How does NaCl Poly1305 implementation do modular multiplication?

Question

The NaCl ref implementation of Poly1305 performs modular multiplication to calculate a polynomial $\mod 2^{130} - 5$ using the following modular multiplication function:

static void mulmod(unsigned int h[17],const unsigned int r[17])
{  
  unsigned int hr[17];
  unsigned int i, j, u;

  for (i = 0;i < 17;++i) {
    u = 0;
    for (j = 0;j <= i;++j) u += h[j] * r[i - j];
    for (j = i + 1;j < 17;++j) u += 320 * h[j] * r[i + 17 - j];
    hr[i] = u;
  }
  for (i = 0;i < 17;++i) h[i] = hr[i];
  squeeze(h);
}

... where squeeze() is a reduction. A sequence of mulmod() operations is rounded off with a freeze() operation:

static const unsigned int minusp[17] = {
  5, 0, 0, 0, 0, 0, 0, 0, 0, 0, 0, 0, 0, 0, 0, 0, 252
} ;

static void freeze(unsigned int h[17])
{
  unsigned int horig[17];
  unsigned int j, negative;

  for (j = 0;j < 17;++j) horig[j] = h[j];
  add(h,minusp);
  negative = -(h[16] >> 7);
  for (j = 0;j < 17;++j) h[j] ^= negative & (horig[j] ^ h[j]);
}

This implementation has no documentation, and has been copied literally to various projects (the code above is actually from the libsodium fork).

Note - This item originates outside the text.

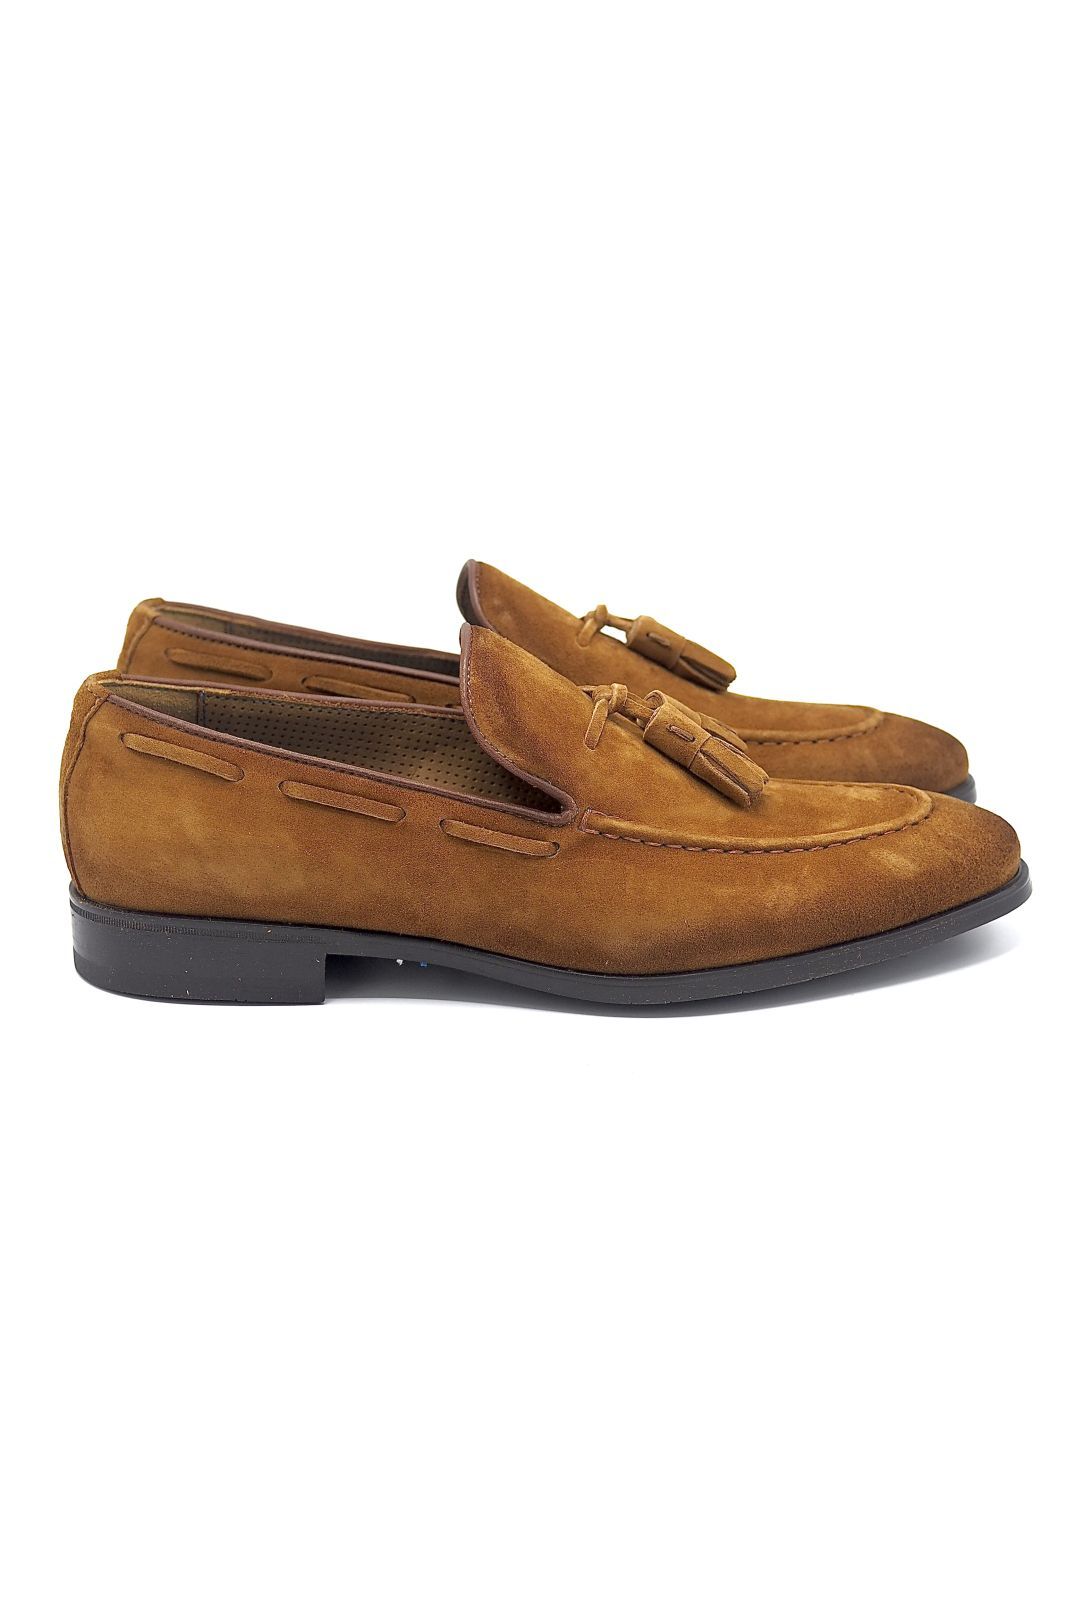 Giorgio 1958 mocassin Naturel hommes (GG1958-Collège - 50502 COLLEGE cognac) - Marine | Much more than shoes

I've compared this to the various multiplication algorithms on Wikipedia, Montgomery Reduction and Daniel Bernsteins explicit CRT method but I don't recognise it as any of them.

The most basic implementation of the overall Poly1305 using gmp simply uses add/mul/mod operations, so there's nothing that esoteric in the main loop.

The reduction and the freeze seem to indicate this is some kind of residue number system but I can't find explicit descriptions of how that would work.

One of Daniel Bernsteins motivations when writing this was probably to have a constant time implementation, if that helps identify the algorithm.

Does anyone recognize the algorithm being used here, and know of/can provide a complete explanation of it (i.e. one that explains how the magic numbers 320 and minusp are derived, and the basis for all xor operations in the freeze)?

Answer 1

Numbers get represent as in base 256, i.e. $h = \sum_{i=0}^{17} h_i \cdot 256^i$. Since ints are used which are significantly larger than bytes you don't need to propagate carries immediately.

If you forget about modular reduction, then the $i$th digit of the result is computed as $\sum_{j=0}^i h_j\cdot r_{i-j}$. Apart from the lack of carry this is pretty much the same as schoolbook multiplication.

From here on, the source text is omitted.